Give back all of the data exactly, with every picture omitted.

(Beginning of DATA SECTION)

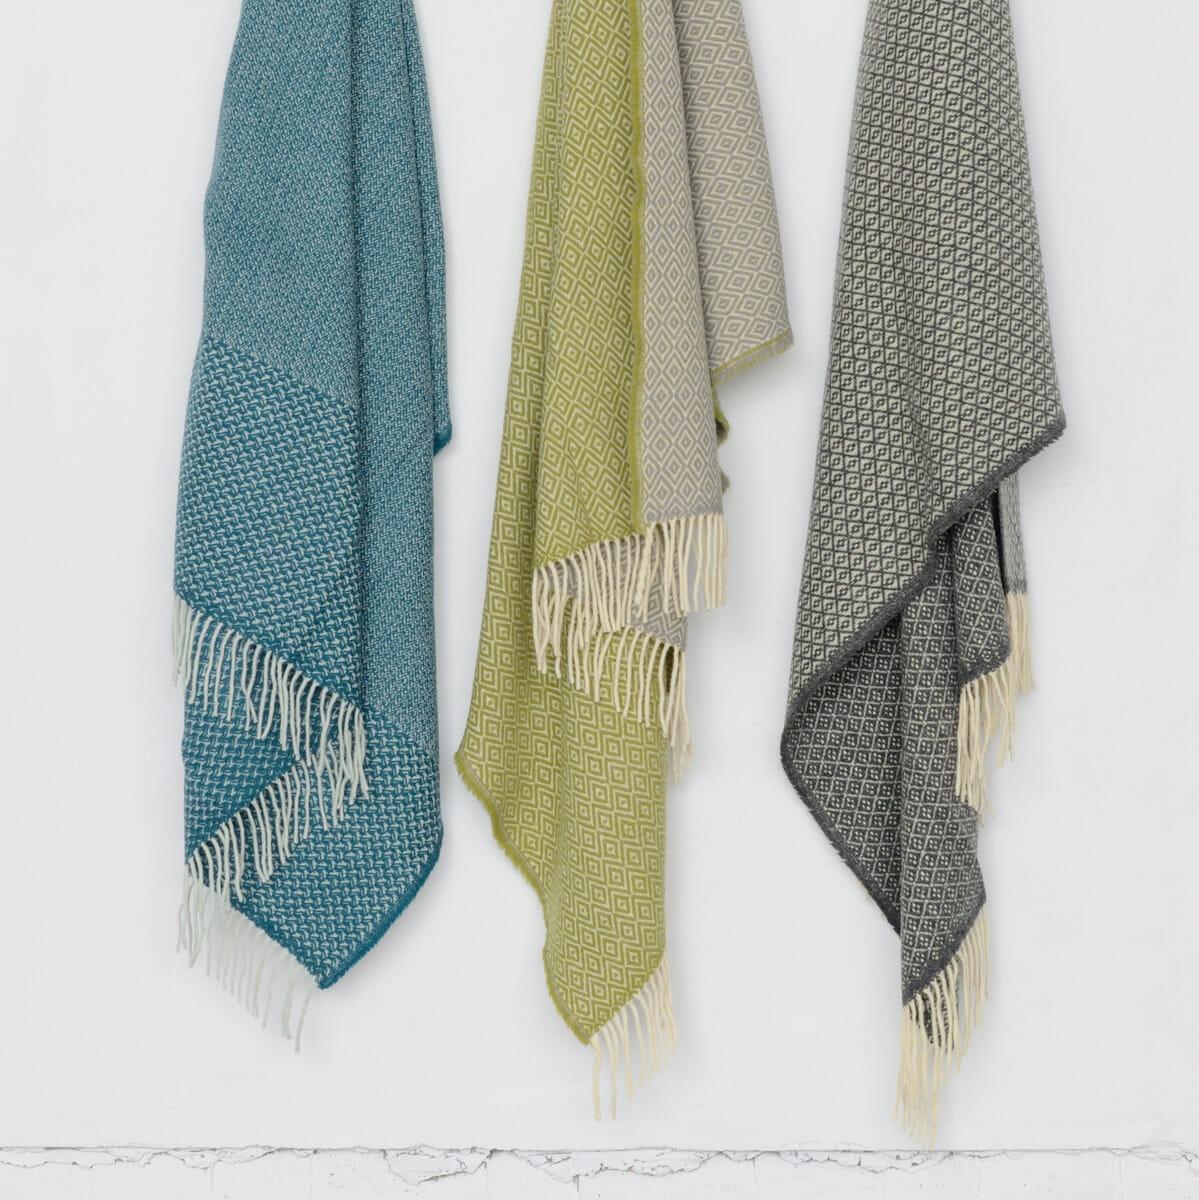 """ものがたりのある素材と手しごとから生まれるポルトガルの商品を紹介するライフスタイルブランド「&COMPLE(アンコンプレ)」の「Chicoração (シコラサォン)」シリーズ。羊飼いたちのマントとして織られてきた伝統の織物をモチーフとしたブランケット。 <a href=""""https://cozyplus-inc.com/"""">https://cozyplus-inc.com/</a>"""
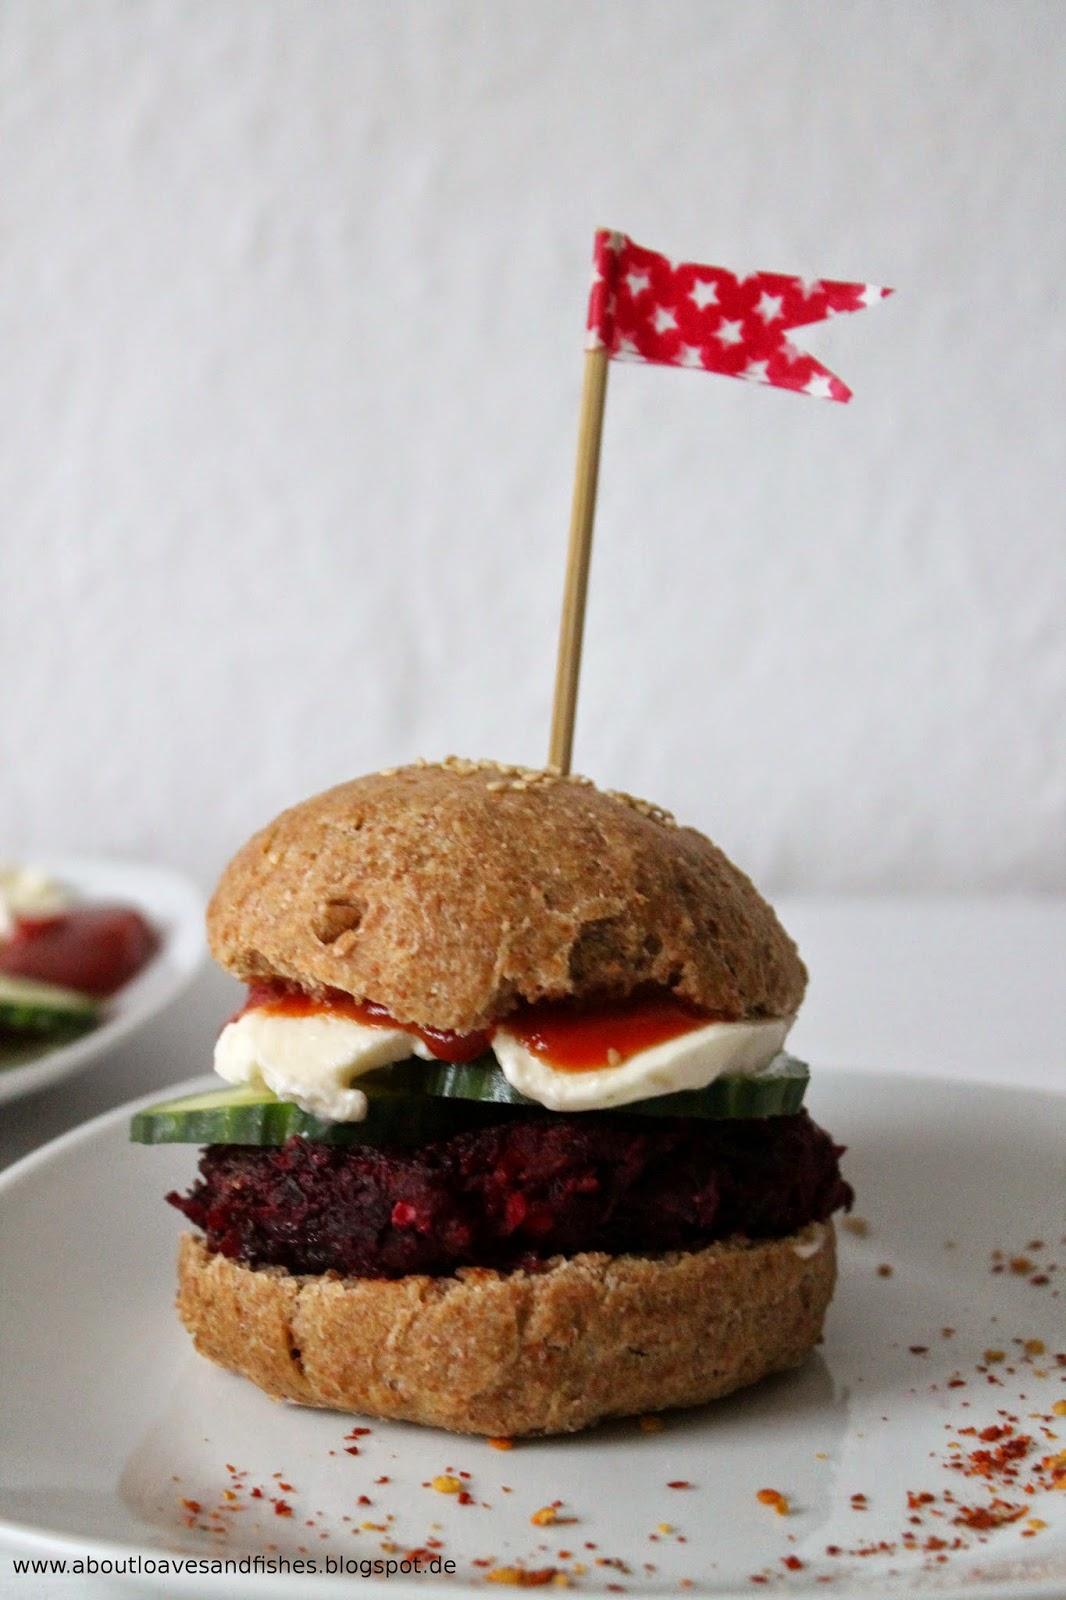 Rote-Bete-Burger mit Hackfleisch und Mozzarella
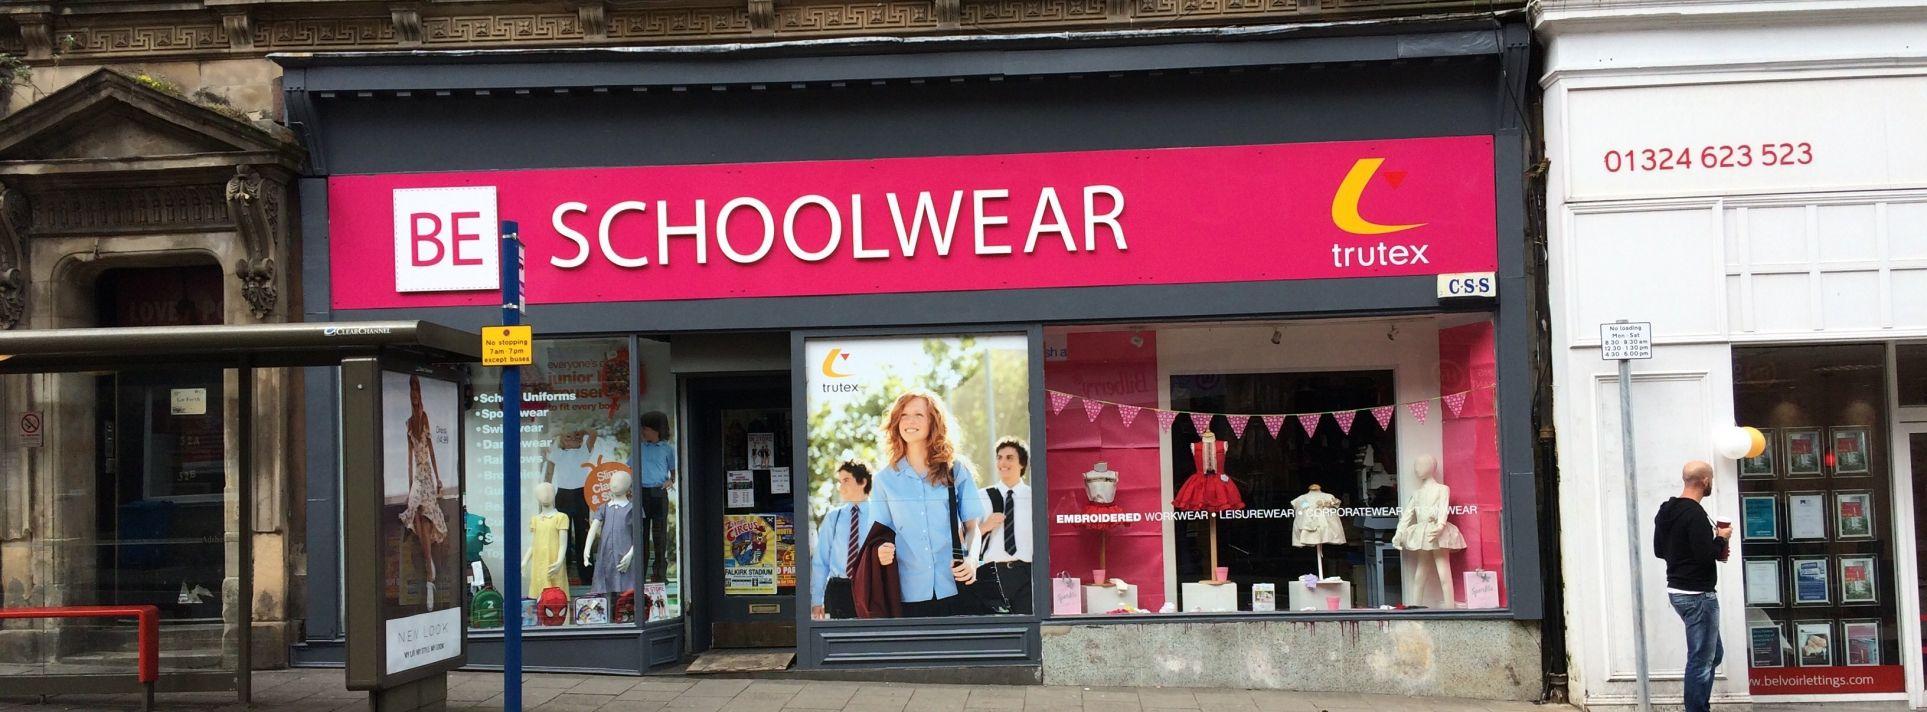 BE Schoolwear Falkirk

(End of DATA SECTION)

▶ _COMPLETED EXERCISE_
 """ものがたりのある素材と手しごとから生まれるポルトガルの商品を紹介するライフスタイルブランド「&COMPLE(アンコンプレ)」の「Chicoração (シコラサォン)」シリーズ。羊飼いたちのマントとして織られてきた伝統の織物をモチーフとしたブランケット。 <a href=""""https://cozyplus-inc.com/"""">https://cozyplus-inc.com/</a>"""
 Rote-Bete-Burger mit Hackfleisch und Mozzarella
 BE Schoolwear Falkirk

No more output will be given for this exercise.